In our last batch of Wendell readings, he tells us that he cares more for his household than for his town, more for his town than his county, more for county than state, and on up the chain until he makes an imaginative leap that allows him to grasp an entity larger than the present. He says he does not care more for his country than for the world, which by my lexicon includes the world to come. Getting the equation right between "doorstep and planet" is not easy, but conscientious humans will always be cognizant of the fact that life in the best-case-scenario goes on. They'll also be eager and enthusiastic to do all they can to ensure the best and forestall the worst. Meanwhile, they'll share the gains and losses of their "community economies" in the here and now. They'll choose to do what they can to level the playing field of life. 
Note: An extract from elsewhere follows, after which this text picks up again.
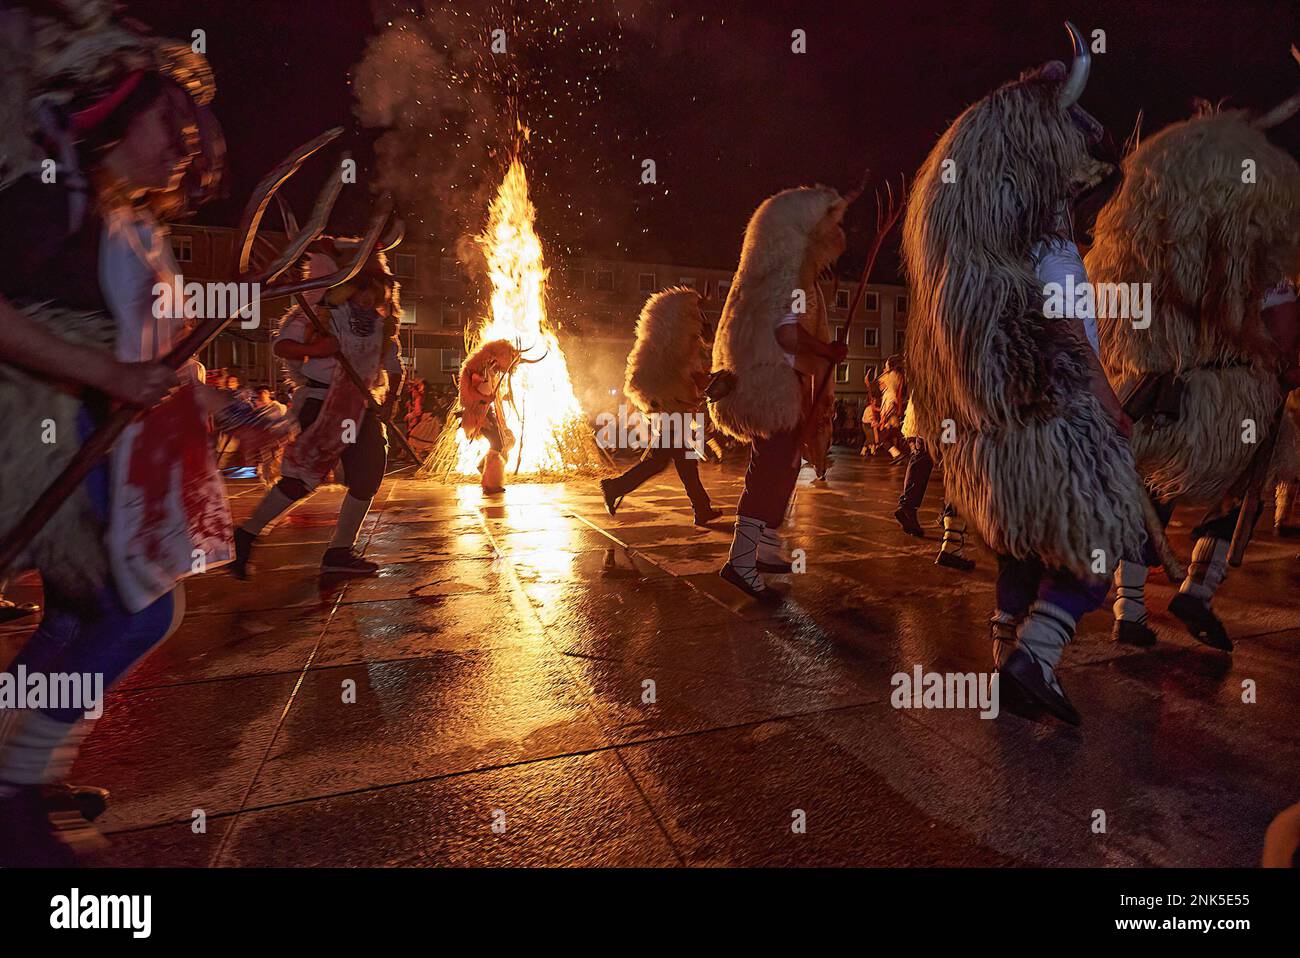 20. Februar 2023, Alsasua, Navarra, Spanien: Die Momotxorros tanzen während des karnevals von Alsasua um das Feuer. Der Karneval umfasst den Momotxorro, einen Charakter unbekannter Herkunft, halb Mensch und halb Stier, der Angst macht und "angreift", wer ihm im Weg steht. (Kreditbild: © Elsa A Bravo/SOPA Images via ZUMA Press Wire) NUR REDAKTIONELLE VERWENDUNG! Nicht für den kommerziellen GEBRAUCH! Stockfoto

So, that does mean "putting the future of life at the heart of everything we do" now, in that present which is the only possible sphere of real agency we've got. (If we've got any agency at all.)  Does it not? 

But have we got any agency at all? There's a question for CoPhi today, for Montaigne, Descartes, Pascal, Spinoza...  

I'll repeat my standard line on that: If we've not got agency, it sure is a silly spectacle-- all those old dead philosophers having tried so hard to persuade us of their views on that subject and so many others, to get us to choose to see the world and (in some instances) to love the world the way they did. It sure looks like we have a choice.

And it looks like we have a rapidly shrinking window of opportunity to do something constructive with it.

Let me give Wendell the floor once more, to remind us all to remain open to the experience of "hours when [you are] deeply happy and content," multiple existential crises notwithstanding. The Mad Farmer gets the last laugh: 

Expect the end of the world. Laugh.

Laughter is immeasurable. Be joyful

though you have considered all the facts.

And, let him remind us again that environmental destruction is "not inevitable, except by our submissiveness."

Effective agents act. They don't submit. Life regenerates, and it goes on.